New ALS Classification System Needed for Better Care and Research, Scientists Argue

Amyotrophic lateral sclerosis (ALS) would benefit from a new classification system, according to a group of researchers who highlighted the shortcomings of current systems for diagnosing the disease and allocating patients to subtypes of the condition.

The opinion article, “Amyotrophic lateral sclerosis: moving towards a new classification system,” published in the journal The Lancet Neurology, laid out a roadmap to a strategy that could combine systematic classification systems with the highly varied symptoms encountered in real life — improving both patient care and research in the process.

During the 1930s, researchers agreed that the term ALS, or motor neuron disease, should encompass conditions affecting both upper and lower motor neurons. Today, scientists are still debating whether ALS is one condition or several different diseases.

Researchers at King’s College London, along with colleagues from a range of international institutions, argue that the current classification systems are inconsistent and do not enable accurate descriptions of ALS symptoms.

Today, there are two systems used: the Awaji-Shima criteria, which is a revised version of the El Escorial criteria, and the International Classification of Diseases (ICD).

El Escorial system

According to the El Escorial criteria and its revisions, an ALS diagnosis is dependent on symptoms of motor neuron disease that can be divided into four body regions.

ALS is diagnosed with various degrees of certainty, and the researchers report that the system is sometimes at odds with clinical observations.
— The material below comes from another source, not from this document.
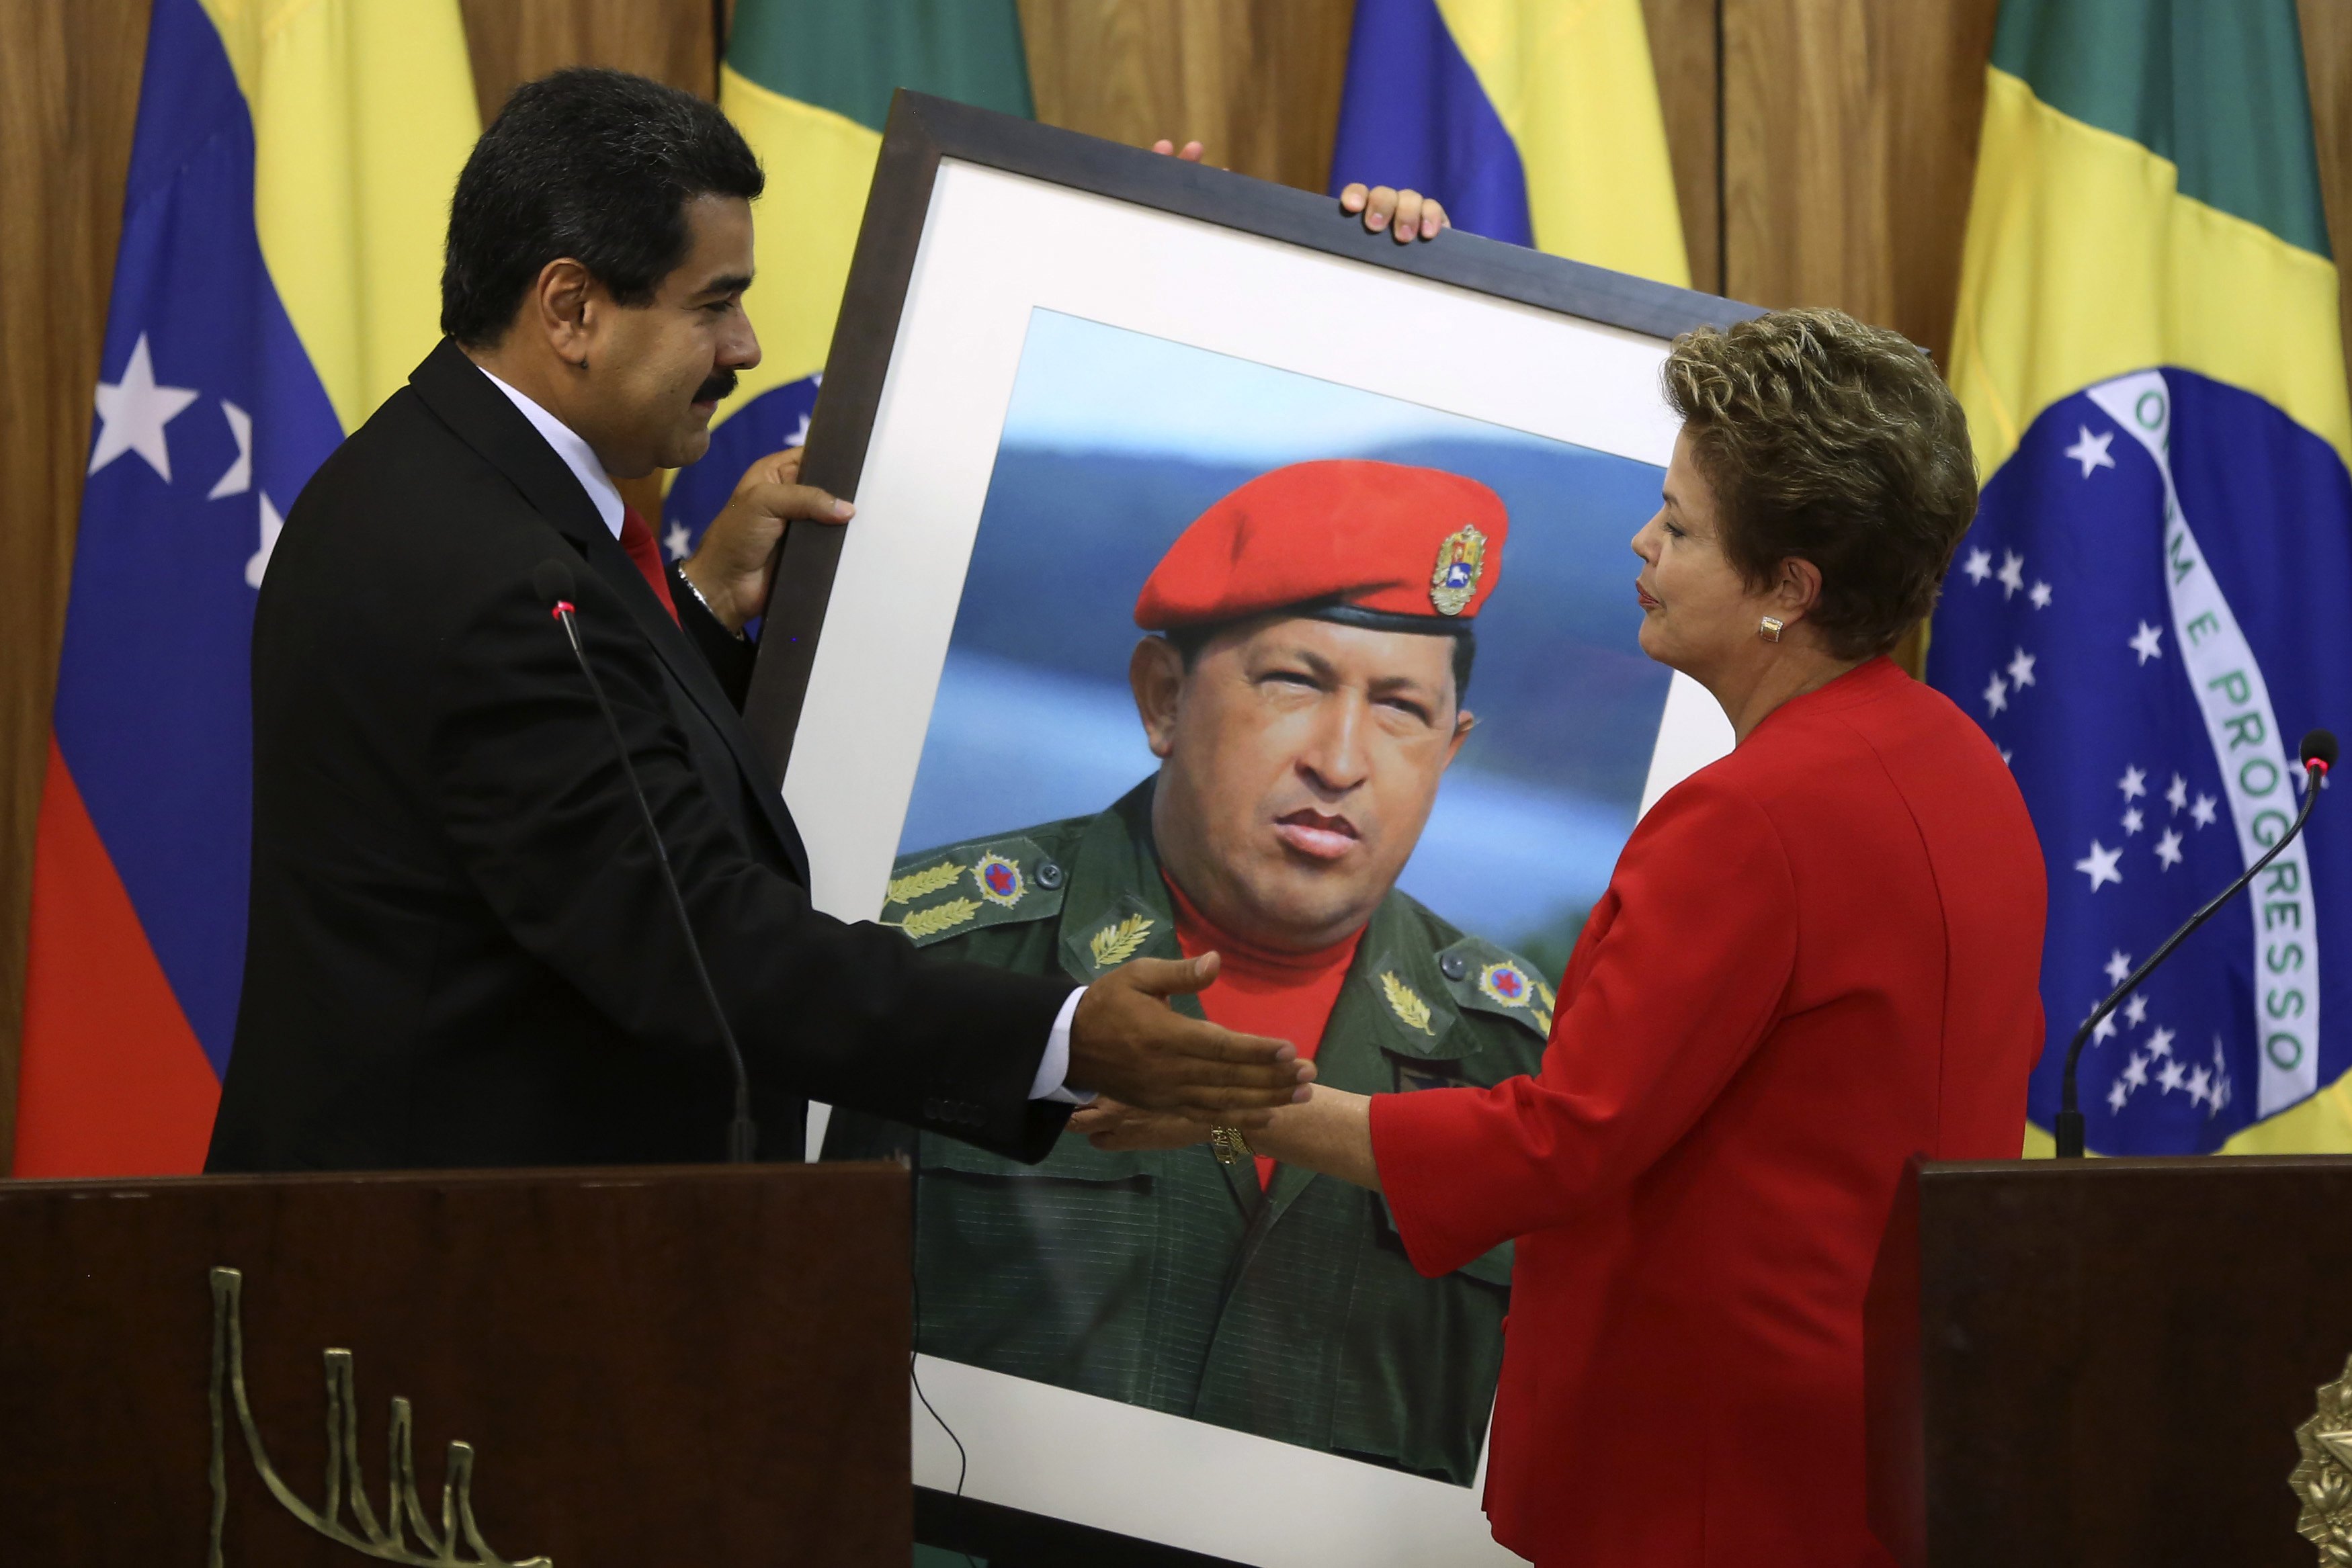 Maduro califica de “Golpe Mediático-Judicial” acciones constitucionales en Brasil
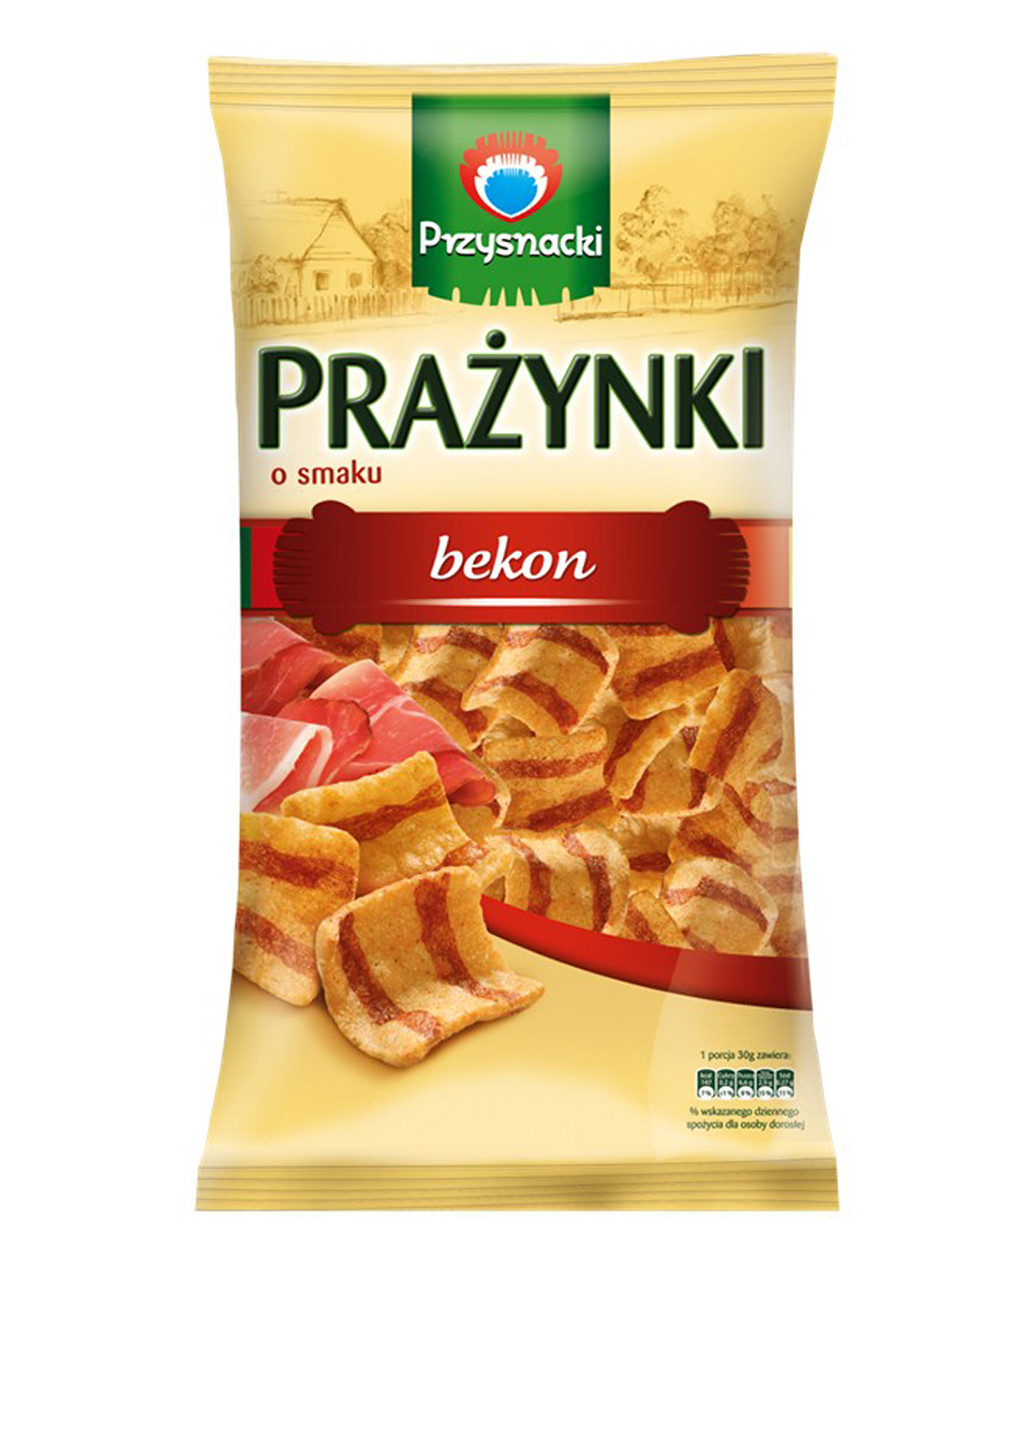 Снеки картофельно-пшеничные со вкусом бекона, 140 г Przysnacki (94992939)

For example, they mention that a patient could be classified as having possible ALS when physicians have in fact ruled out all other explanations for the symptoms. This, they state, could lead to confusion in discussions with patients.

Problems with ICD system

The ICD, however, can be particularly valuable when comparing data between research institutions. But the ICD is frequently revised, and as the classification of ALS and its symptoms is based on clinical findings, while no method exists for defining the classification, each ICD revision ends up differing substantially from the previous one.

Although the difference in symptoms and disease progression among patients may be used to identify treatments that benefit certain groups of patients, researchers stress that a good classification system should separate diagnosis and symptom classifications so that a diagnosis can be made with high certainty, while enabling the identification of patient groups when needed

Classification systems need to take into account the predominant type of motor involvement, the age of onset and disease progression, non-movement symptoms, and genetic and molecular biomarkers. Such a development depends on a deeper understanding of disease mechanisms, but all these factors are surrounded by interpretation and other types of difficulties.

For example, there are no definitions of what an early disease onset is, or how to determine that a type of ALS is familial. Since these definitions are up to the individual physician or researcher, it becomes difficult for studies to advance the general understanding of the disease.

To get around these obstacles, the researchers suggest that scientists and clinicians need to dramatically change how they think about ALS, particularly building new knowledge on multidisciplinary studies linking symptoms to genetic and molecular findings.

Standard description of ALS

As a first step toward a better classification system that is useful for both research and clinical practice, the team suggests a standard description of ALS. This description would need to have information on the clinical stage of the disease; any striking disease features such as young age of onset or slow progression; the balance between upper and lower motor neuron symptoms; and possibly the presence of relevant risk factors or biomarkers; and the certainty of ALS type according to the El Escorial criteria.

The diagnostic category could be further modified by adding information of a familial disease type, if the disease is found in a first-degree relative, or the presence of frontotemporal dementia.

This system, they argue, could provide key information in a systematic way, while allowing descriptions of disease manifestations. Future discoveries could be integrated into such a system, which also allows a precision approach to research and treatment since it provides clinicians and scientists with details about the cause, the balance of upper and lower motor neuron involvement, and clinical stage.